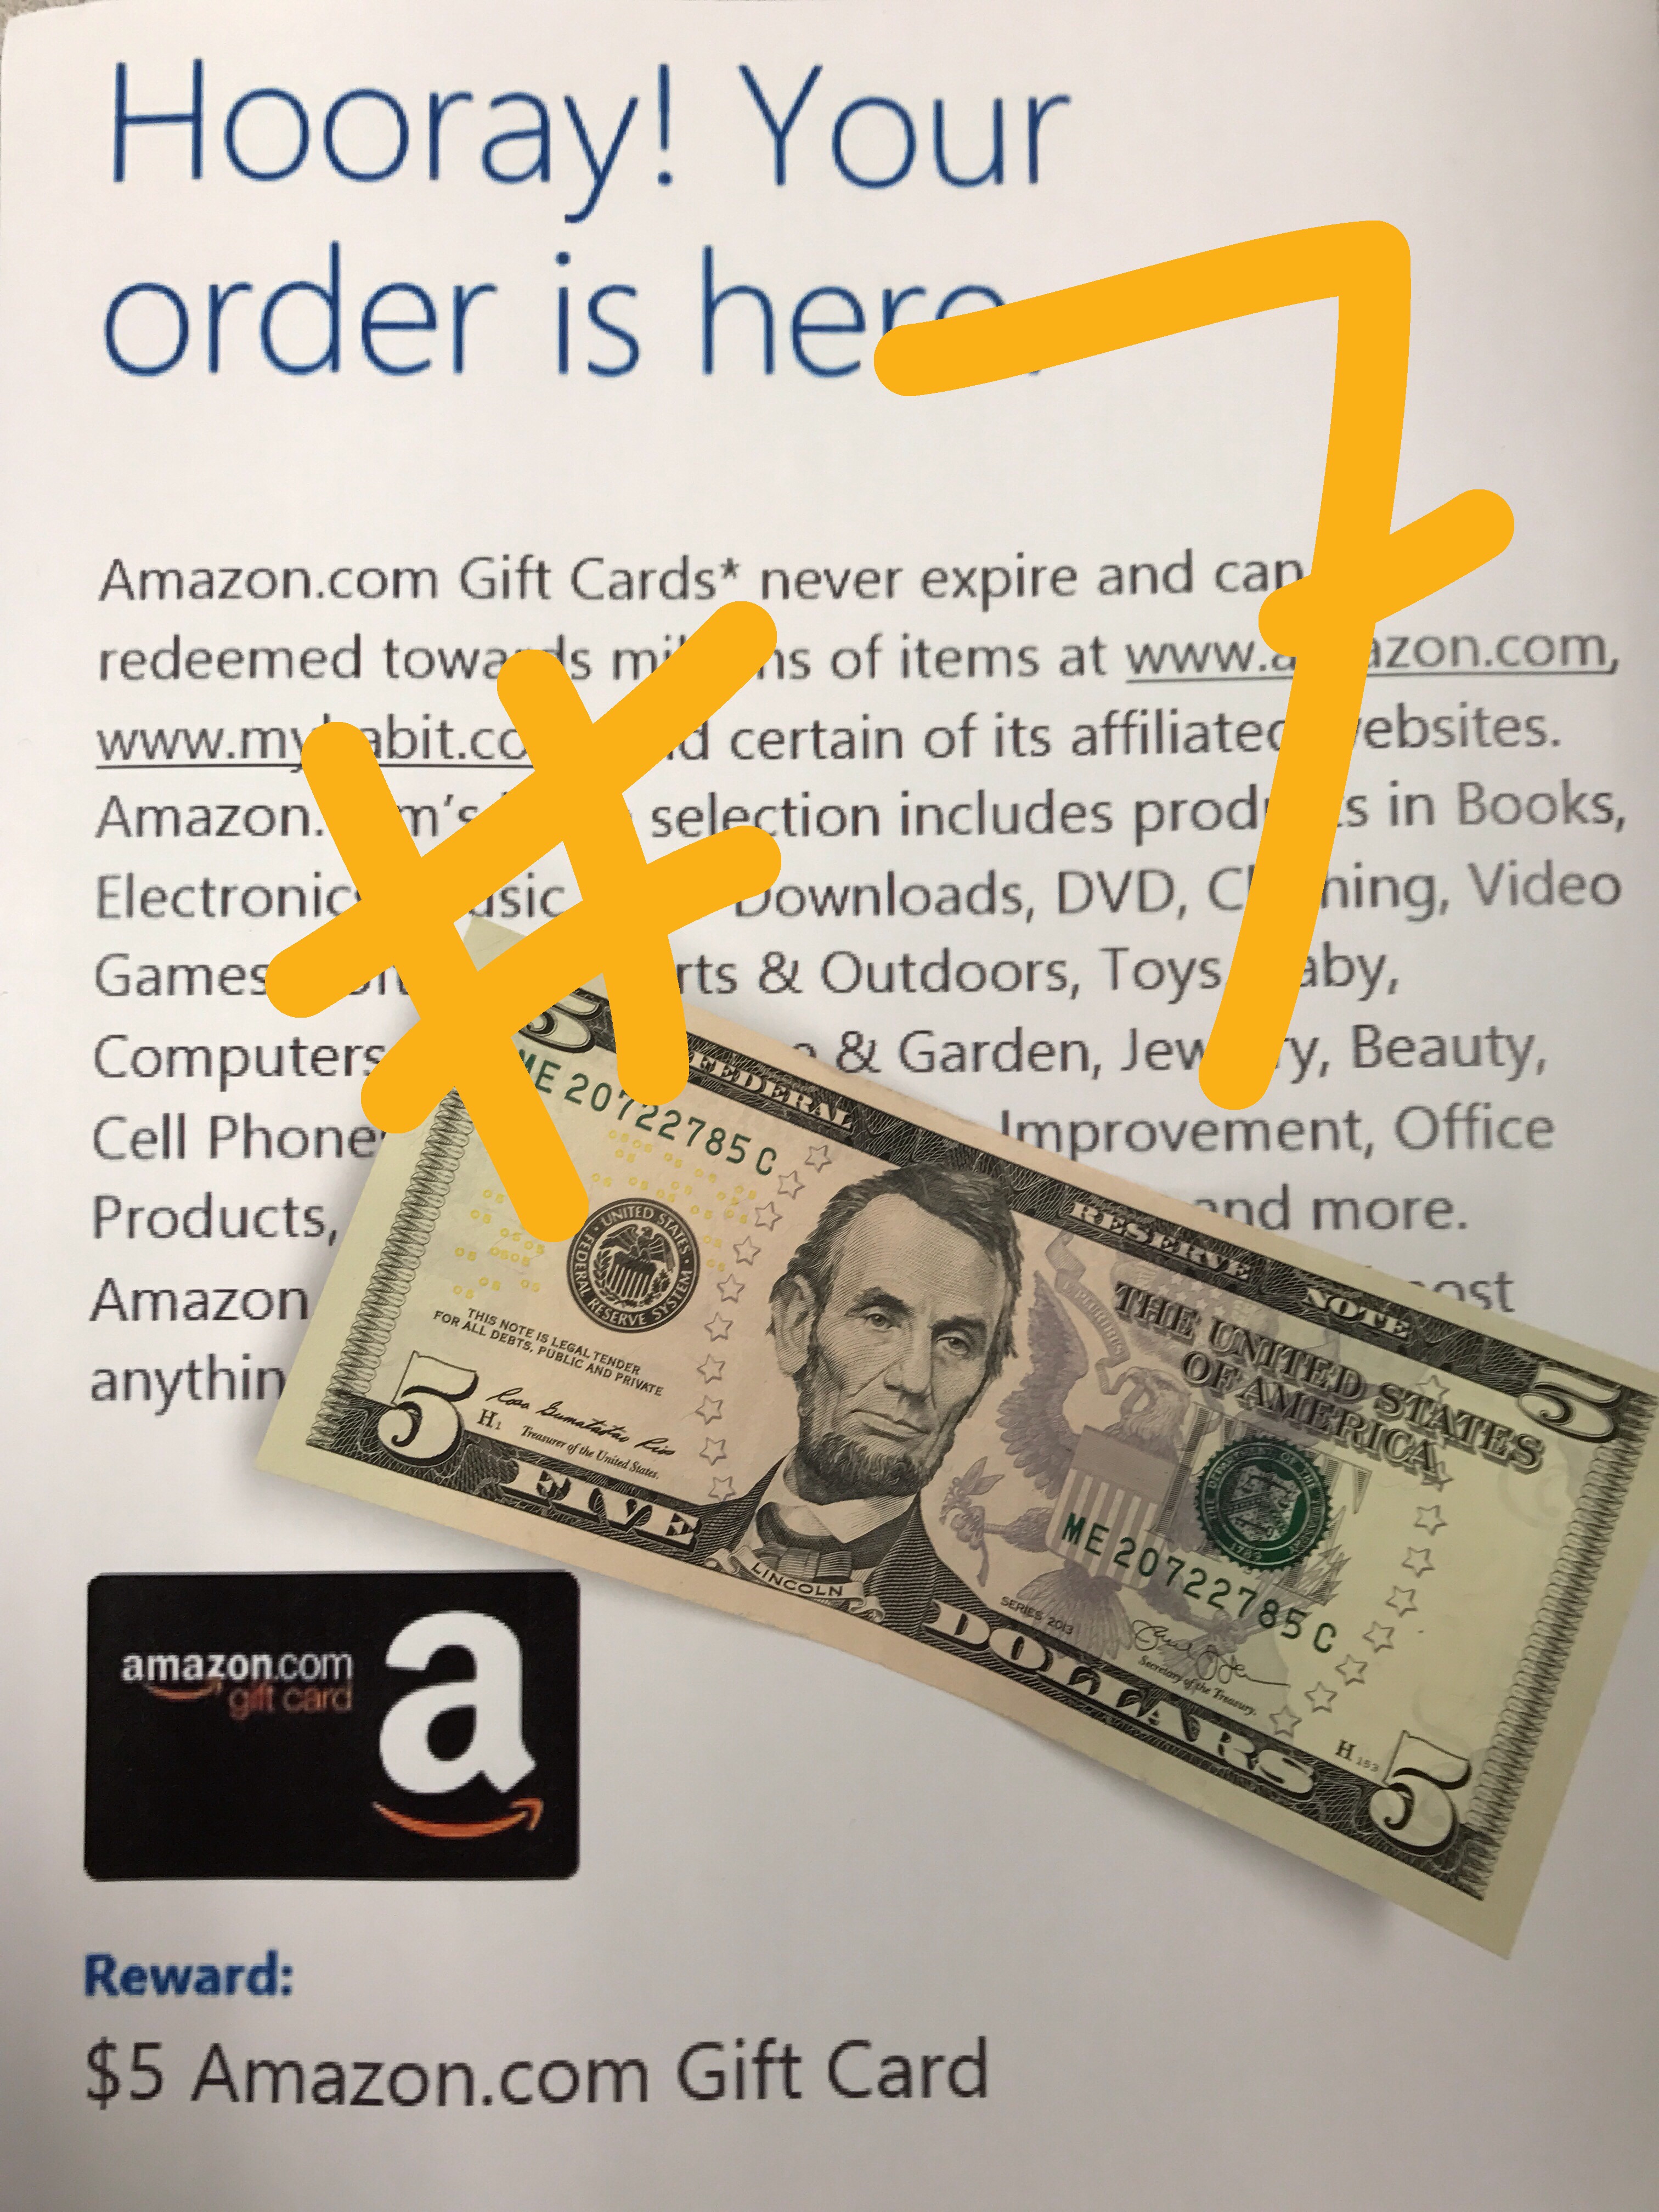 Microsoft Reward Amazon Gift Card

....

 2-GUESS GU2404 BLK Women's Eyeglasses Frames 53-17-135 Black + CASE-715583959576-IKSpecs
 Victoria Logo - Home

....

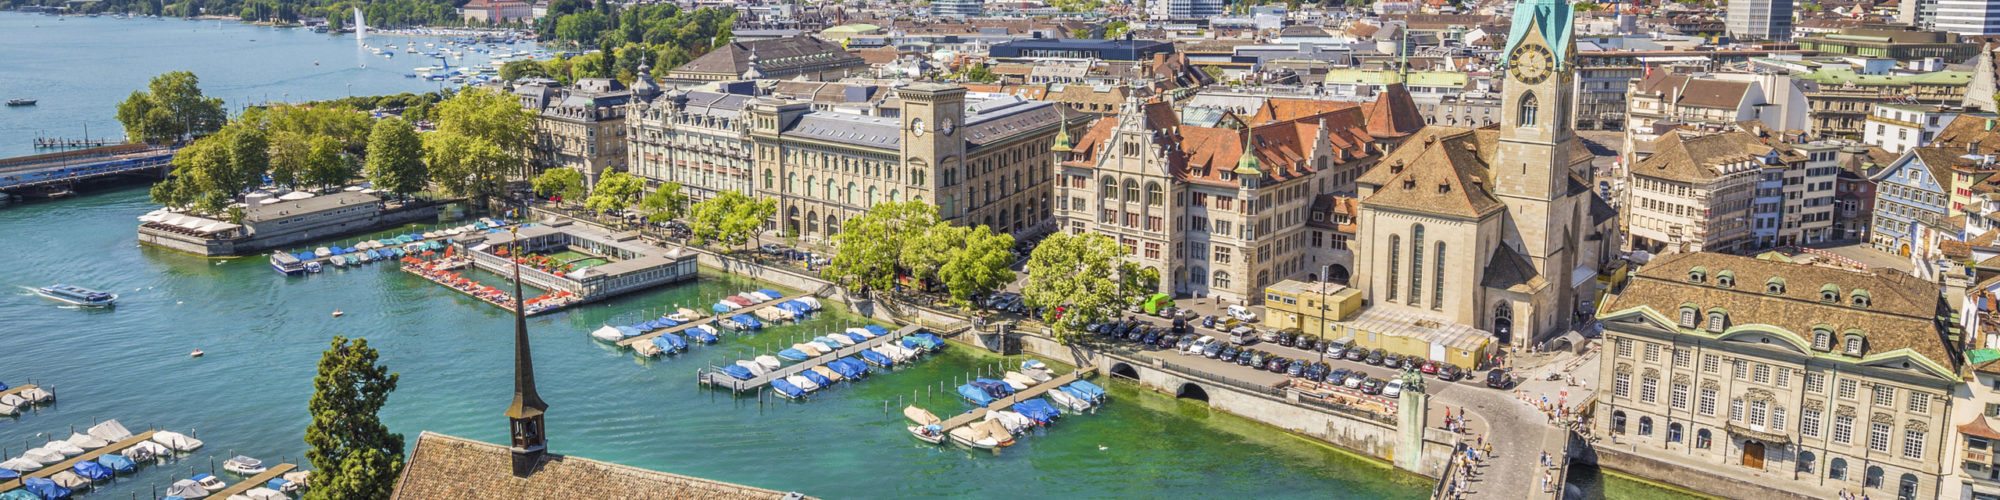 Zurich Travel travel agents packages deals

....

> **Instructions for the task**: Of the lines above, output exactly those from the line bearing "2-GUESS GU2404 BLK" through the line bearing "Victoria Logo - Home", inclusive.

> **Solution to this exercise**:
 2-GUESS GU2404 BLK Women's Eyeglasses Frames 53-17-135 Black + CASE-715583959576-IKSpecs
 Victoria Logo - Home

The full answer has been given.